Specifically this issue is for #3 son-in-law who whined that-
1.) the blog is too long...um not possible slacker
2.) There aren't any pictures. Um this is a picture
And thanks for the asparagus Farmer Boy, it was derishes with Parmesan and oil roasted in the oven. yum
Sorry there aren't any pictures of that, food pix bug me as I have stated on Face Book. Not that anyone paid any attention.
Hi There! How was your Easter? The bald guy at the grocery store had his head painted like an Easter egg. It seems he's had it done for the past eight years running. What happened at your market?
We have a week more of rain to look forward to starting tomorrow, joy. We're heading off to Fresno (again) on Thursday night and so far the forecast is for rain on Friday and sunny rain on Saturday. I say sunny rain because that's what it looks like on the weather app on my phone. Who is the person who designs the whatever they're called pictures for apps anyway? I have a hard time believing, "Hey! That's a GREAT picture! Let's use it for sunny rain. You go nerd!"
I read other peoples blogs over the weekend. You know who you are, that interview with Ollie Townends brain monkey slayed me. You may find it on Eventing Nation.
That picture creeps me out. Strangely, the eyebrows look those of one of my cousins and he's not even a serial killer that we know of.
Happy Birthday Sue!
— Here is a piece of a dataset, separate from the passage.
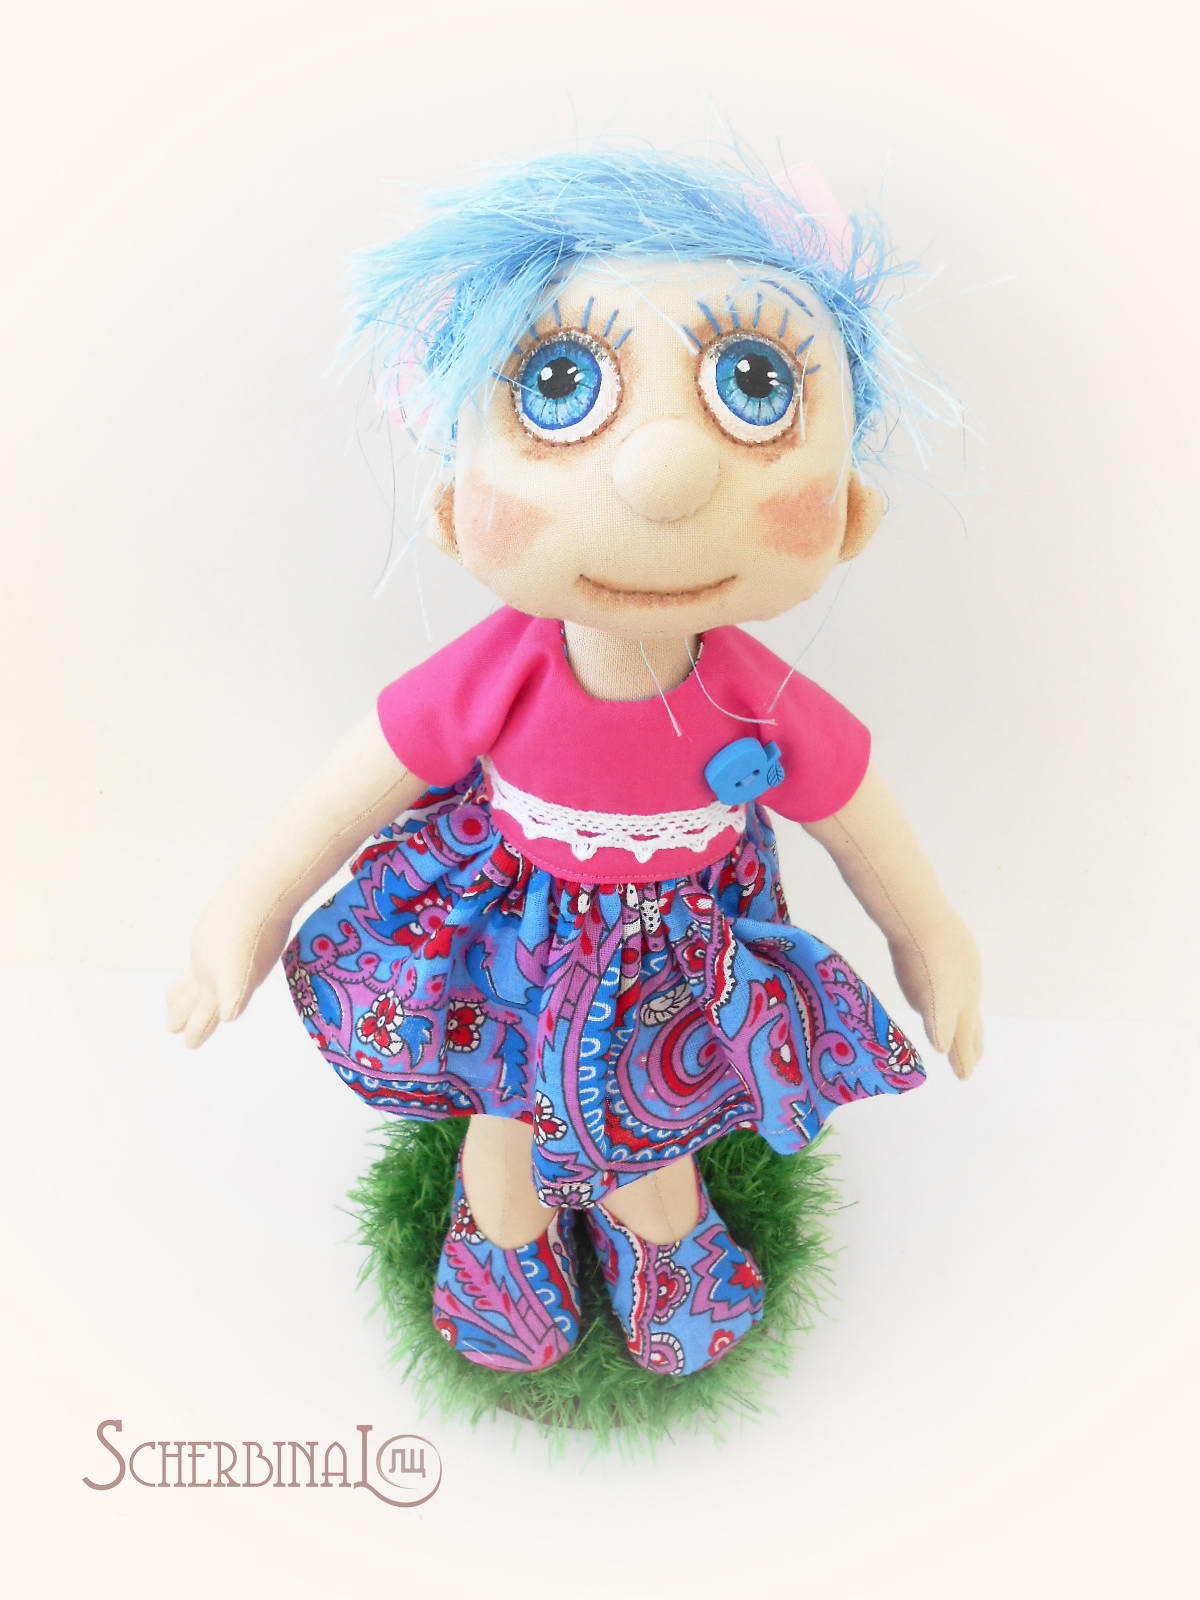 текстильная игровая кукла-карамелька Людмилы Щербина
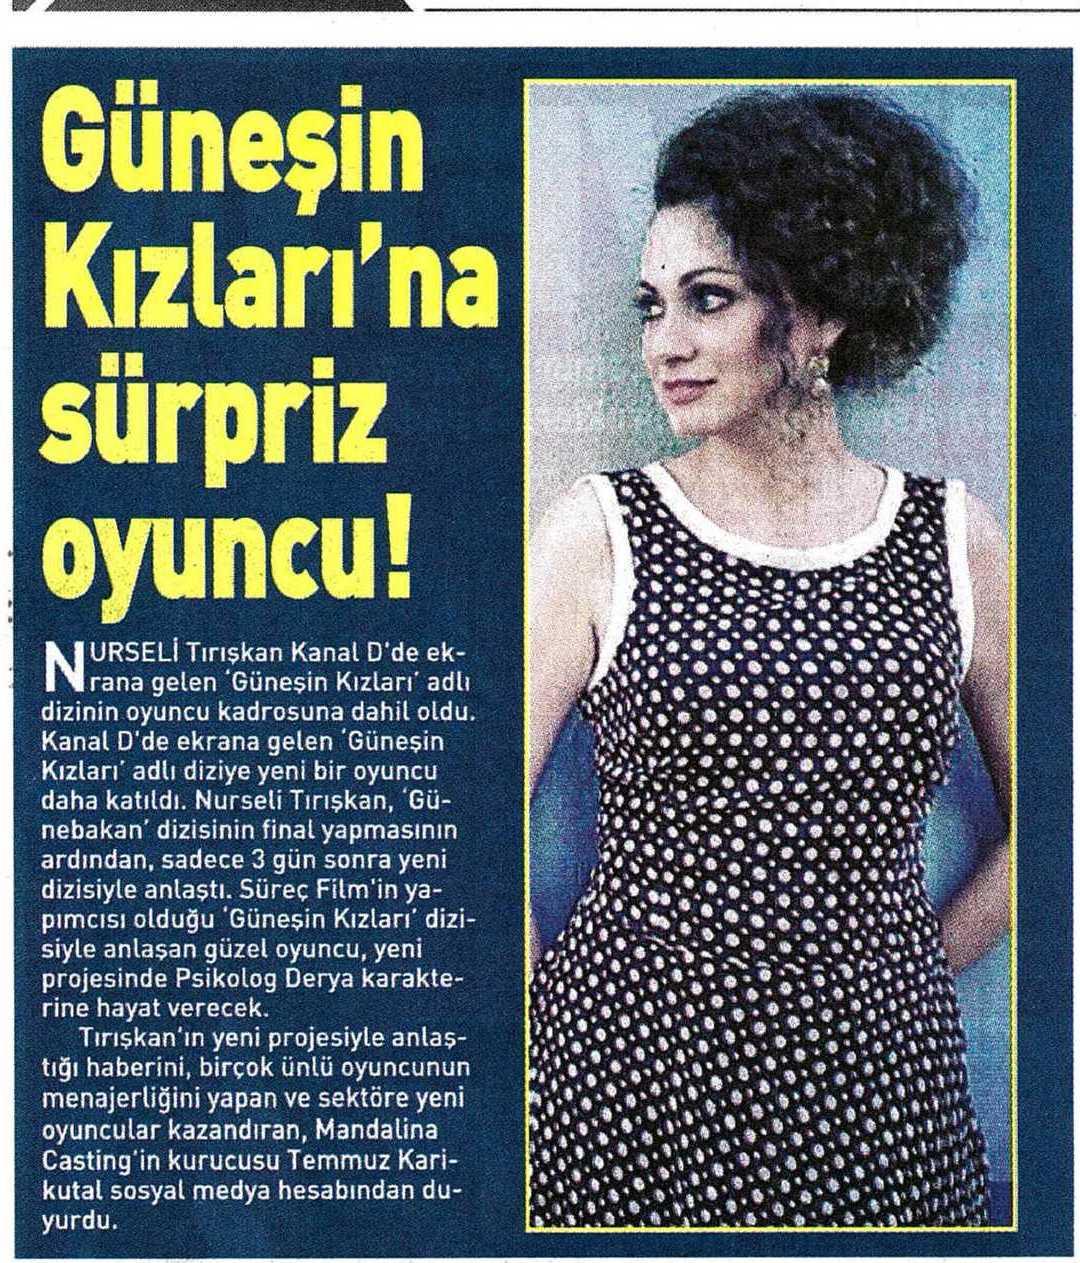 Nurseli Tırışkan - Trabzon Türk Sesi Gazetesi Haberi

I left you a message on FB. So, Sue, your horse is a rock star! yeah you! and Linda? what can I say? I am honored your horse friended me on FB! You non horsie types? yes, we really talk like this. sorry. If it makes you feel any better my #$%^&* dawgs have Face Book or rather dog book pages. Yeah, well? Here's a picture of the dawgs. They look guilty because they are guilty. This picture is titled "Dawgs and a dead flower" Pretty snazzy eh? It could also be entitled "You've stolen my soul" except their souls are black and mostly rotted, really not worth stealing. :-)
I figured out Pinterest yesterday. And because it's annoying I've started following other peoples Pinterest pages. Basically what Pinterest is is a virtual pin board (bored) where you "pin" stuff you find whilst screwing around on the Internet or whilst stalking other peoples Pinterest boards. Once you have happened upon an image of something you like or are intrigued by, then you can "pin" or "repin" the images on your own board (bored). If you're as clever as I, you can have many boards. Mine are labeled Horse Stuff, House Stuff, Family Stuff, Weird Stuff, Clothes Stuff, Hair Stuff and it's mostly all either lovely or strange...or both. Mostly both. Lots of really cool people are following me. Are you? What does that mean?
Chicken and Dumplings for dinner. Really? Delicious. Comforting. Homie. lol Dying to say that all day.
"Words With Friends" has taken over my life. I have about eight or nine games going right now. I'm not clever. I just throw letters at the board with the fervent hope that they will make a word that is acceptable and also hope to hit bonus squares. It is the secret to my success. I get beat all the time. BTW Satan and bitched were not accepted. WTF but neither was wrad which would have scored a lot of points but there you go.
So, in an effort to be frugal and other stupid stuff, I went to a stylist for a haircut based solely on the recommendation of some woman who was in front of me in line at the market. Her hair looked awesome. So I said, "Um excuse me, your hair looks terrific. Do you mind telling me who cuts it?" and she smiled a little condescendingly and said, "I geet eet cut by Errrrrasmosssss." and I said, "what?" and she rolled her eyes and said "Errrrrasmosss, I ave been having eet cut by heem forrrr pipteen yearrrrs. I don' eben tell heeem what to do any more." and another smile. Somewhat intimidated by now, I may too have rolled my eyes and said, "is he/she/it local?" and she said "hee iz the best stylist in the world" or something like that. So I wound up the conversation by axing if she had his number and she did and she gave it to me and I called and made an appointment. Let me just cut (ha ha gittit?) to the chase. I went, we discussed Mexico, the fact that the lady in the store was from Puerto Rico, and that he'd never even sat on a horse. What ever. So the whole time he wasss cutting away and I was, as usual, scrupulously not paying attention to the snipping of hairs and finally I was cut, blown dry and out the door and my hair looked if not great, then certainly good enough. That is till I tried my own personal magic wherein I washed and styled it myself and discovered to my horror that what I really had was a combination mullet and Moe from the 3-stooges style. I am not happy. Now what this really means is that I have to call Tiffany, who has "done" my hair for over five years and whom I should never, ever, ever forsake. And I shall have to grovel until she agrees to fix this mess and take poetic license of her own bend to repair the damage. She will spend a good deal of time not telling me what an unfaithful b**** I am but making that point unnervingly plain. Let this be a lesson to all y'all. Don't piss your hair stylist off. Don't tread in unfamiliar waters. Be true. I'm the one in the hat till she agrees to see me and she may make me wait a while just to make her point crystal clear. I'm sad.
Another chapter down the tubes. Do as I say not as I do. That will always be the best course.